I was at my Uncle's grave looking at it. He had a car crash because he was in such a rush to see me. He was so happy to see me. I could hear the excitement in his voice when we talked over the phone. I was very elated to see him too.

He was my favorite uncle, Uncle YJ. He was so funny, loving, supportive, and caring. I would laugh anytime he told his "dad jokes" although they weren't funny to most of our relatives and family members. He supported me and cared for me until the end.

I stood there. Tears streaming down my face. I kept on thinking that there was something I could have done to prevent it from happening. I shouldn't have made that phone call and maybe he would still be here, just not here at the moment. He would be at work. But no. Now, this happened. I will never forgive myself for this.
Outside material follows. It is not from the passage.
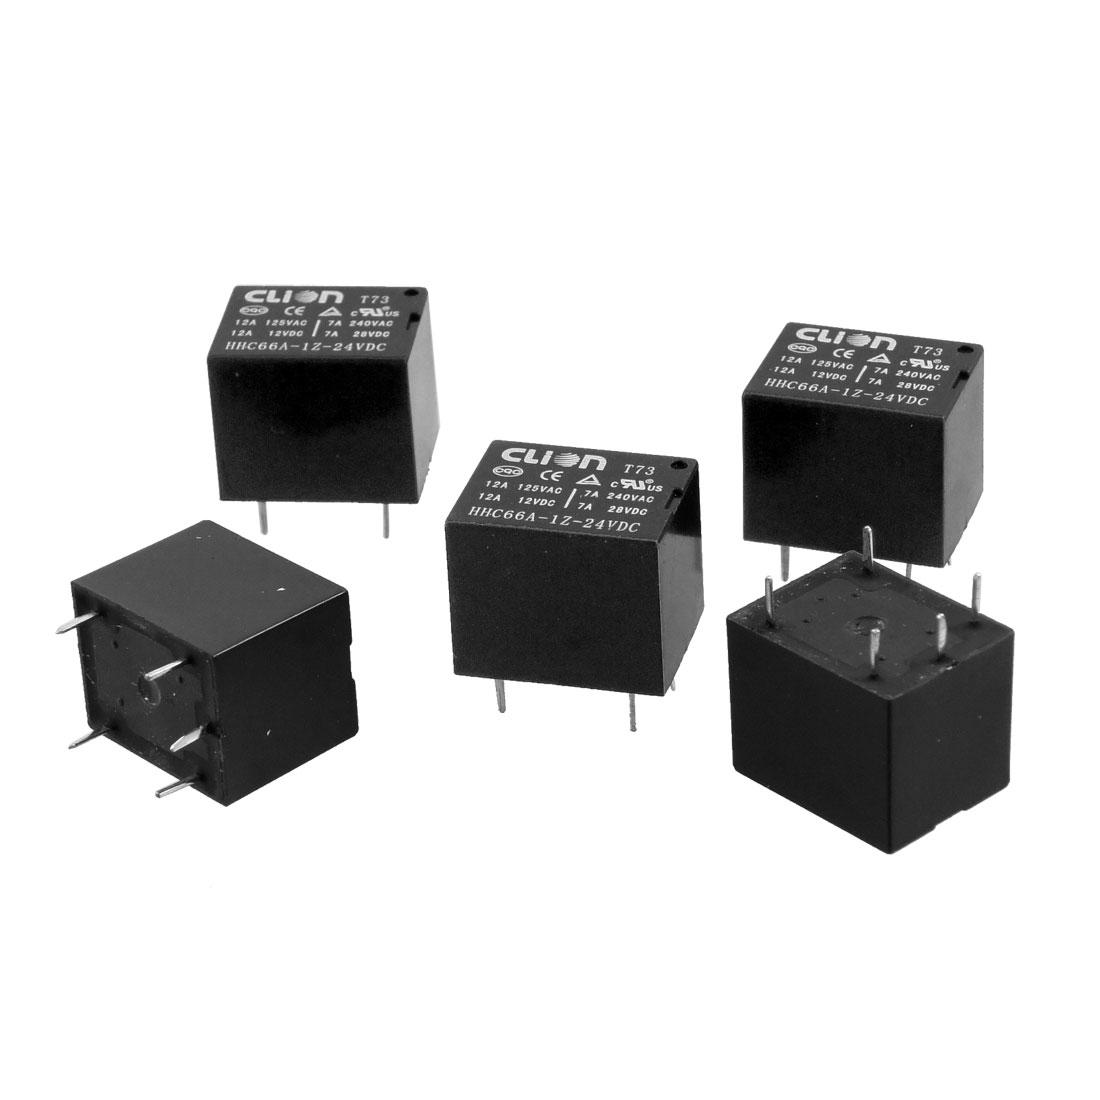 5 x DC 24V Coil 12A 125 AC/12V DC 5 Pins SPDT PCB Power Relay HHC66A-1Z(T73)

Something kept on telling me it wasn't my fault and that's just how life works sometimes. It's not how it should though. Life is so fucking selfish sometimes. I hate it. Like what the actual hell, my uncle was so damn young. He was nowhere ready to die.

I dropped on my knees and started crying. I don't know what to do. No one else cared about me as my uncle did. I felt like ending it all but my uncle would not want me to do that. He'd want me to move on with my life and be a great person in life no matter how cruel the world seemed to treat me.

After drying my tears with my handkerchief, I put my hand on my uncle's grave and made a promise to never give up no matter how much I wanted to.

I will make my uncle proud no matter what highs and lows I go through. I will always keep him in my heart and I will never break my promise to him.

I stood up and said my last goodbyes to my uncle before walked out of sight of the cemetery.

I will make you proud uncle and I will make them pay for ever doubting me. Just wait and watch.